I don't know. But the length of best sequence $$$a$$$ is at least $$$85$$$, because $$$\operatorname{lcm}(1,2,\dots,42) \lt 10^{18}$$$.

It's hard to determine whether a sequence is valid, so I restrict the elements in $$$a$$$ to be powers of prime numbers.

Even though I added the condition, I can't find the best one that satisfies the condition.

I used DFS with pruning(may cause missing the best one) to find a good one.

I guess your solution is to connect $$$(x\bmod i,i)$$$ for all $$$1\le i \lt n$$$. (The nodes are 0-indexed).

With some modifications to the solution, it can be achieved for $$$n=101$$$, and the correctness is guaranteed.

Instead of connecting $$$(x\bmod i,i)$$$, we can connect $$$(x\bmod a_i,i)$$$.

0, 1, 2, 3, 4, 5, 5, 7, 7, 8, 9, 9, 11, 11, 11, 13, 13, 13, 16, 17, 17, 17, 19, 19, 19, 23, 23, 23, 23, 25, 25, 27, 29, 29, 29, 29, 31, 31, 31, 31, 32, 37, 37, 37, 37, 41, 41, 41, 41, 43, 43, 43, 43, 47, 47, 47, 47, 49, 49, 53, 53, 53, 53, 59, 59, 59, 59, 61, 61, 61, 61, 64, 67, 67, 67, 67, 71, 71, 71, 71, 73, 73, 73, 73, 79, 79, 79, 79, 81, 83, 83, 83, 83, 89, 89, 89, 89, 97, 97, 97, 97

Proof:

We need to prove that after deleting at most $$$49$$$ elements of $$$a$$$, the $$$\operatorname{lcm}$$$ of $$$a$$$ is still greater than $$$10^{18}$$$.

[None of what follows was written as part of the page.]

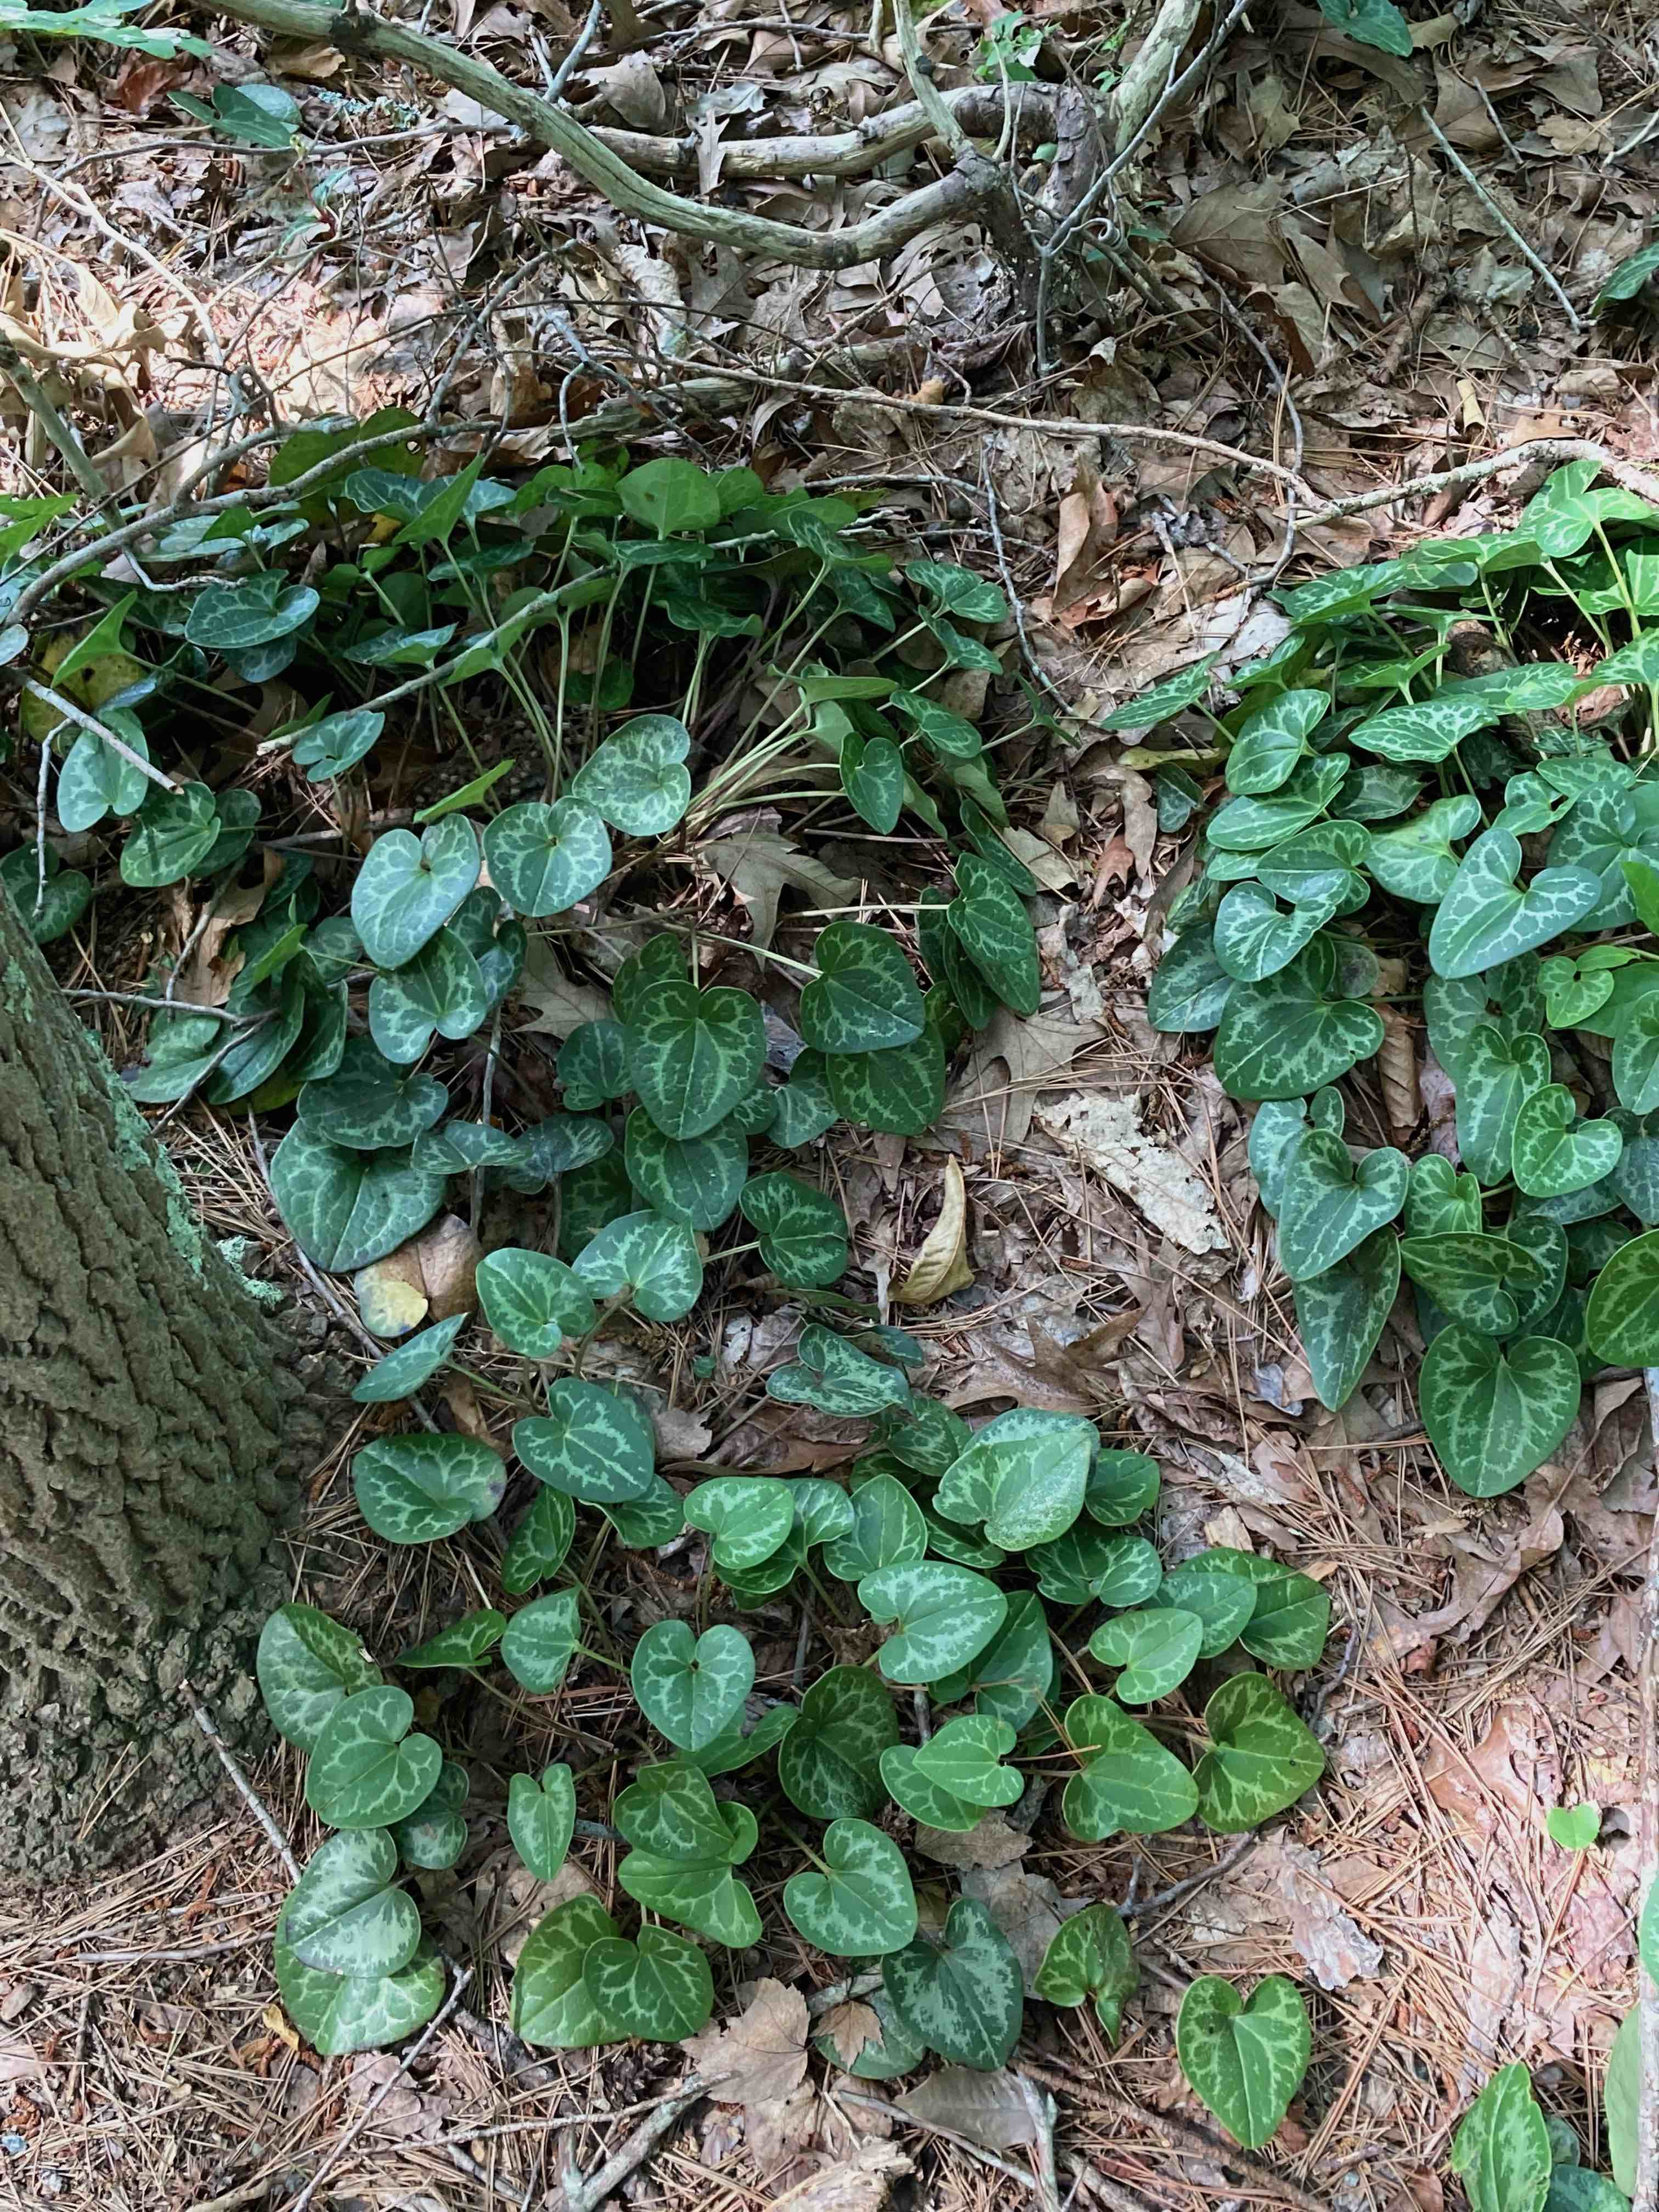 The Scientific Name is Hexastylis minor. You will likely hear them called Little Heartleaf, Little Ginger. This picture shows the Several plants growing together in the forest understory. of Hexastylis minor

The sequence $$$a$$$ only contains powers of prime numbers. Therefore, different prime numbers can be considered independent.

For a prime $$$p$$$, let $$$p^k$$$ be the greatest power of $$$p$$$ that occurred in the sequence $$$a$$$, it is optimal for the grader to delete all $$$p^k$$$ first, then delete all $$$p^{k-1}$$$, ..., until $$$p$$$.

We can use dynamic programming to calculate the maximum possible decrease of the $$$\operatorname{lcm}$$$ caused by the grader.